EXERCISE DETAILS:
From the line that contains "Resort townManali , Himachal Pradesh." down to the last line of the data below, restate every line word for word, skipping any images.

INPUT DATA:
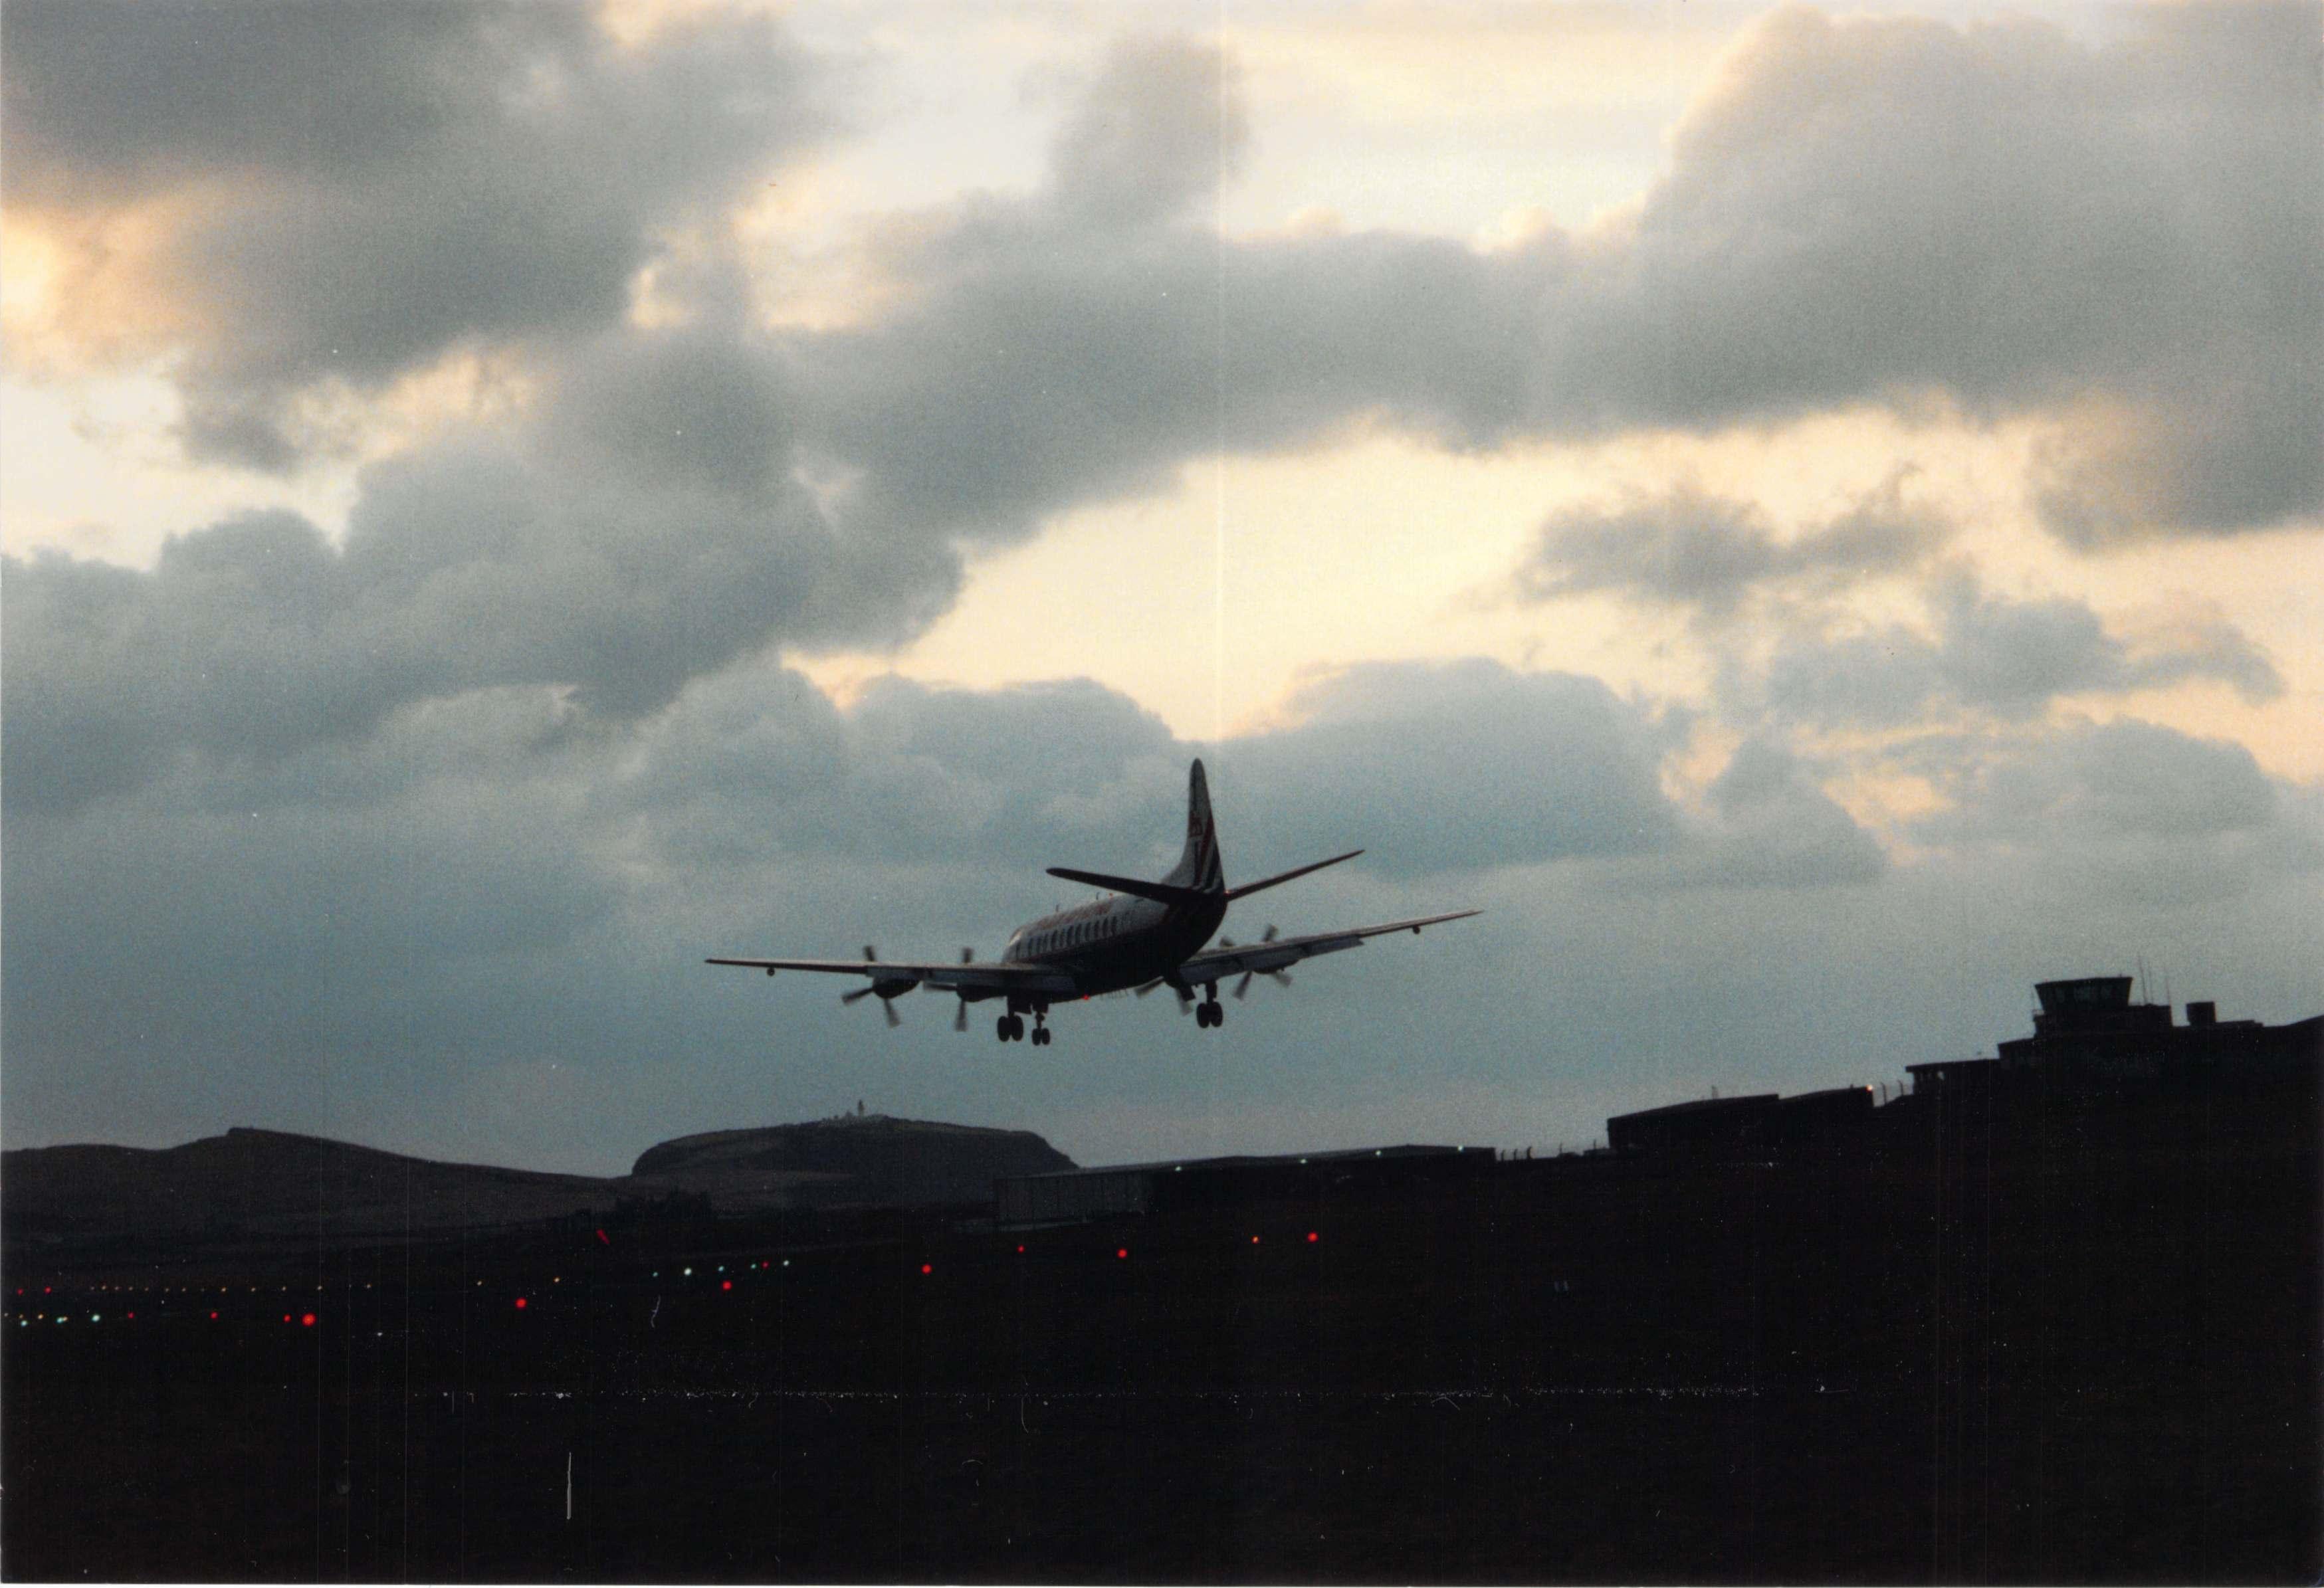 Viscount PB15 arr
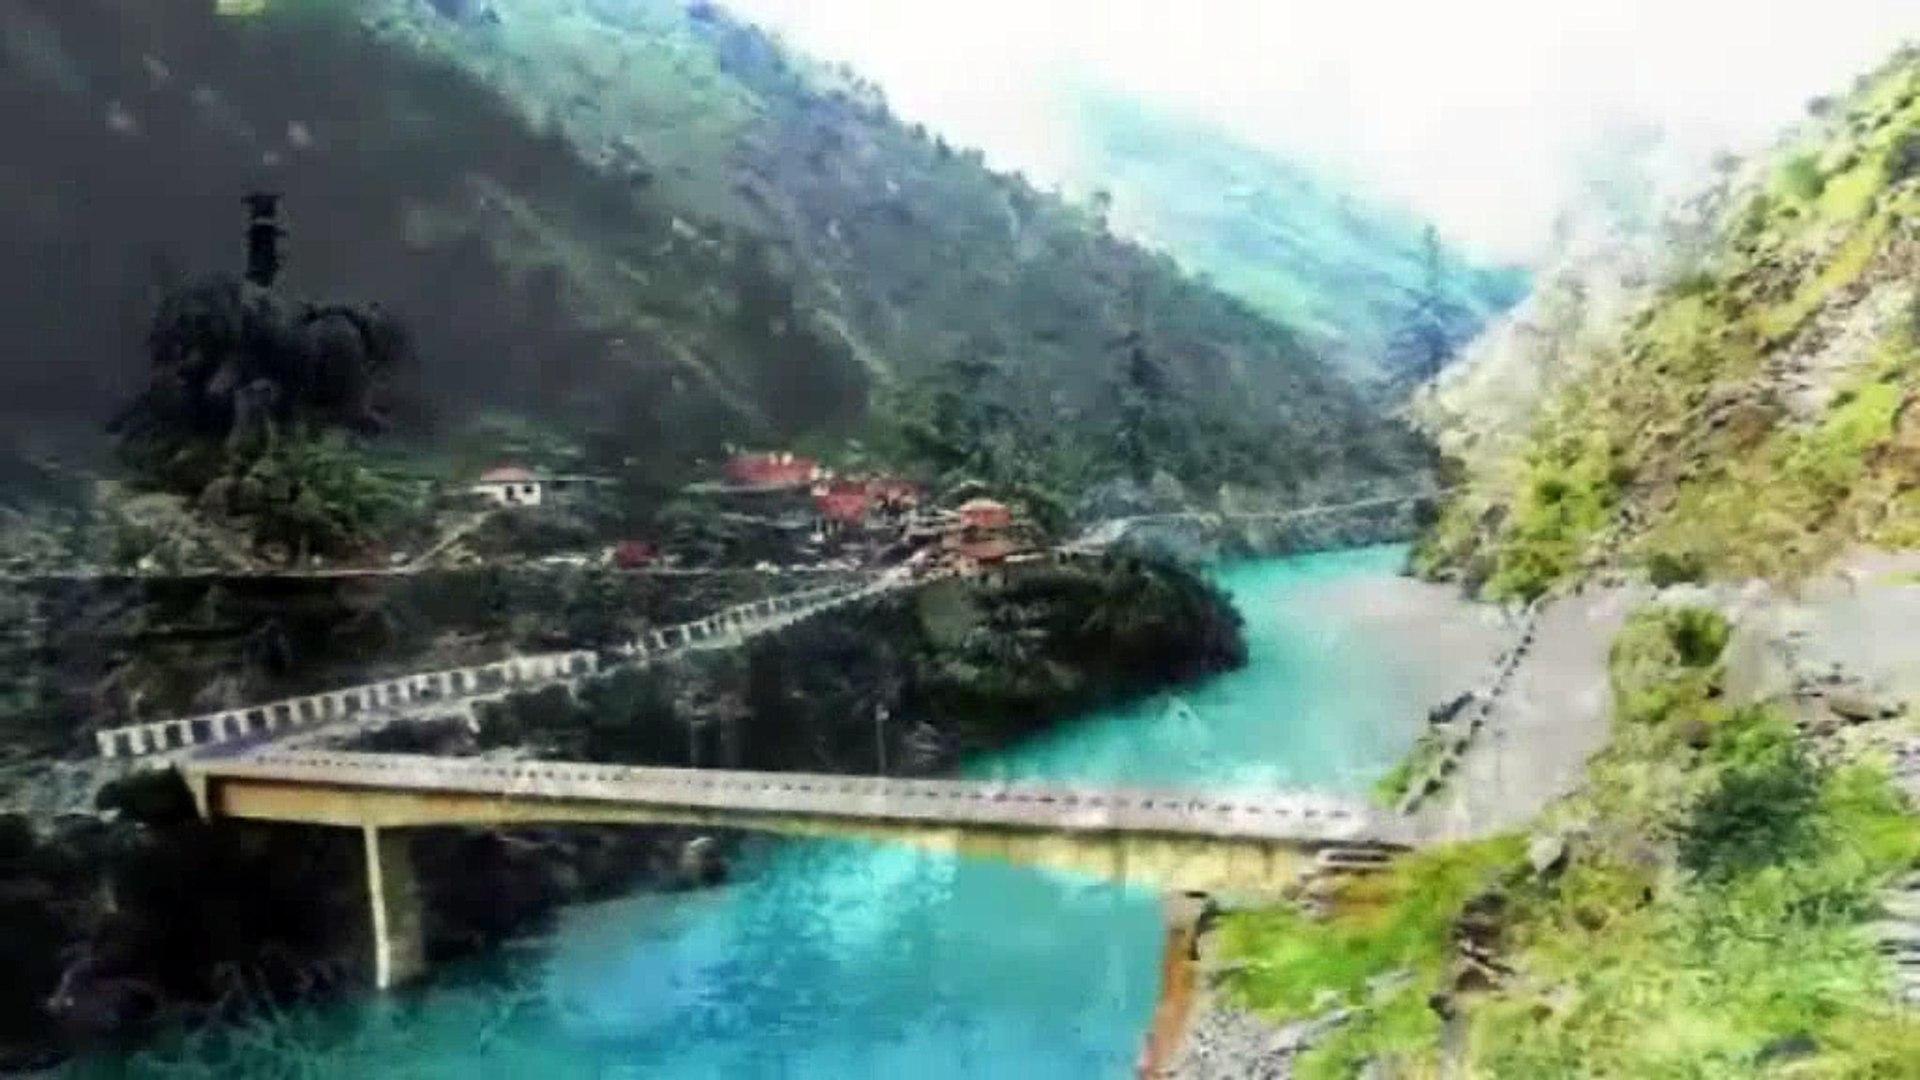 Resort townManali , Himachal Pradesh.
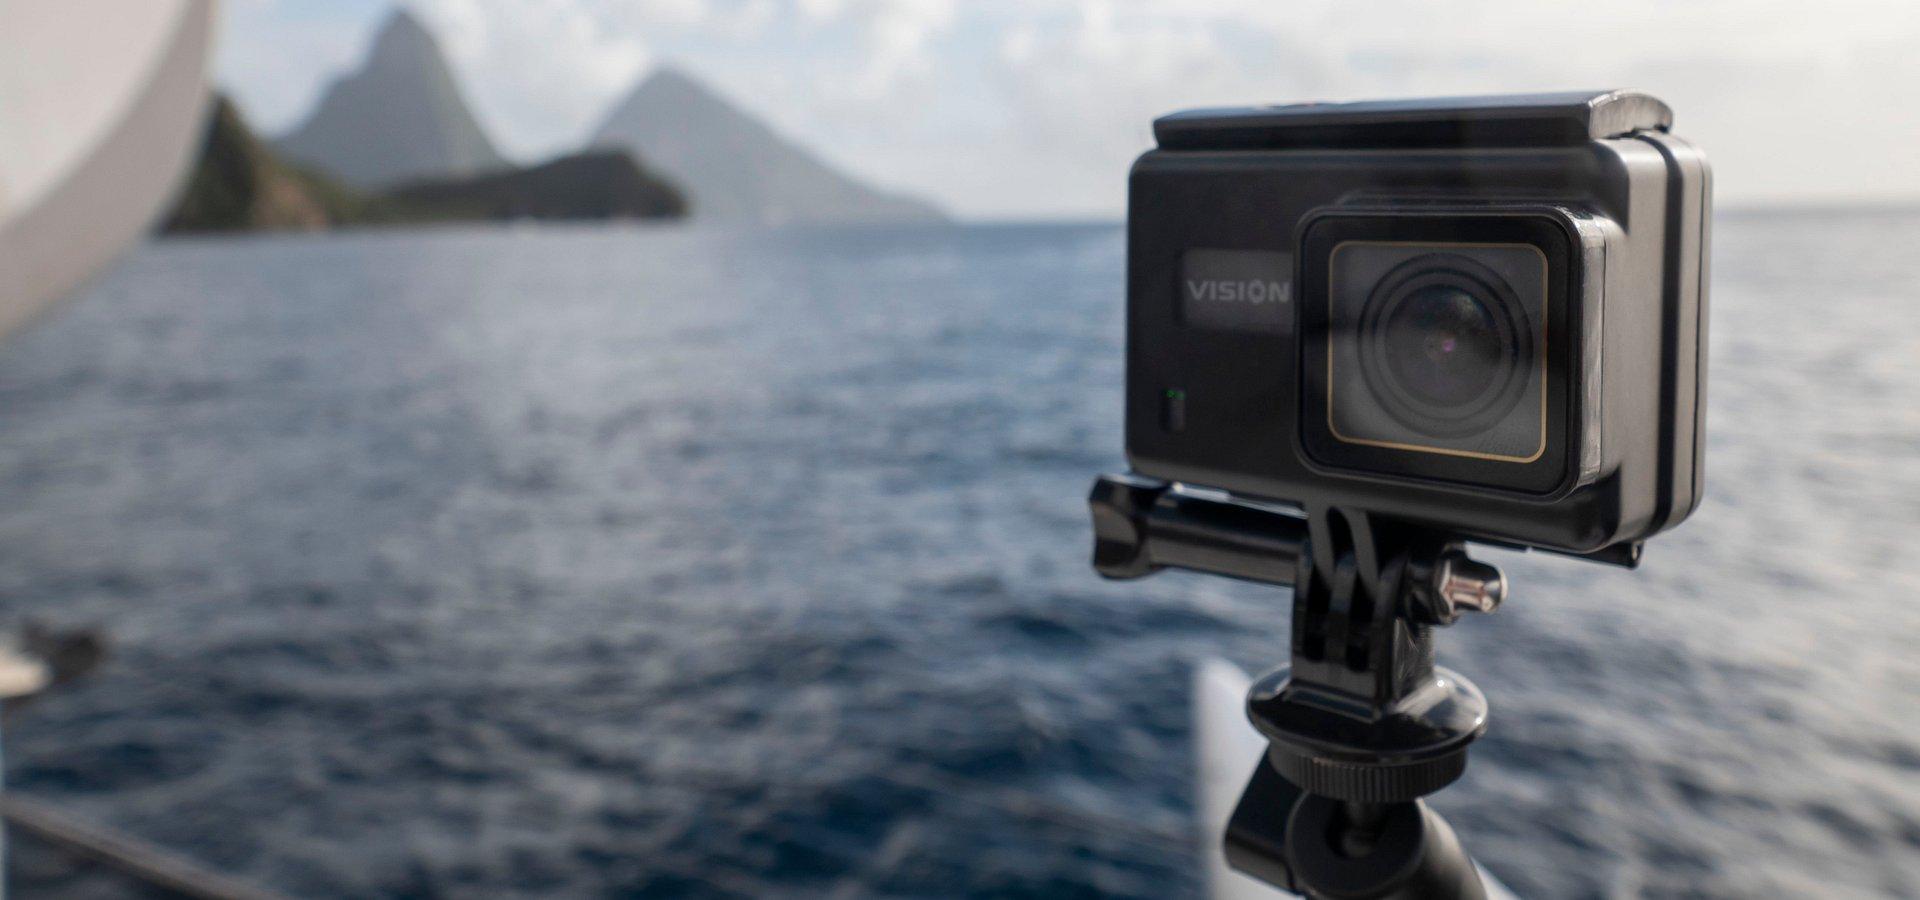 Kruger&Matz wprowadza zaawansowaną kamerę sportową Vision P500

ANSWER BOX:
 Resort townManali , Himachal Pradesh.
 Kruger&Matz wprowadza zaawansowaną kamerę sportową Vision P500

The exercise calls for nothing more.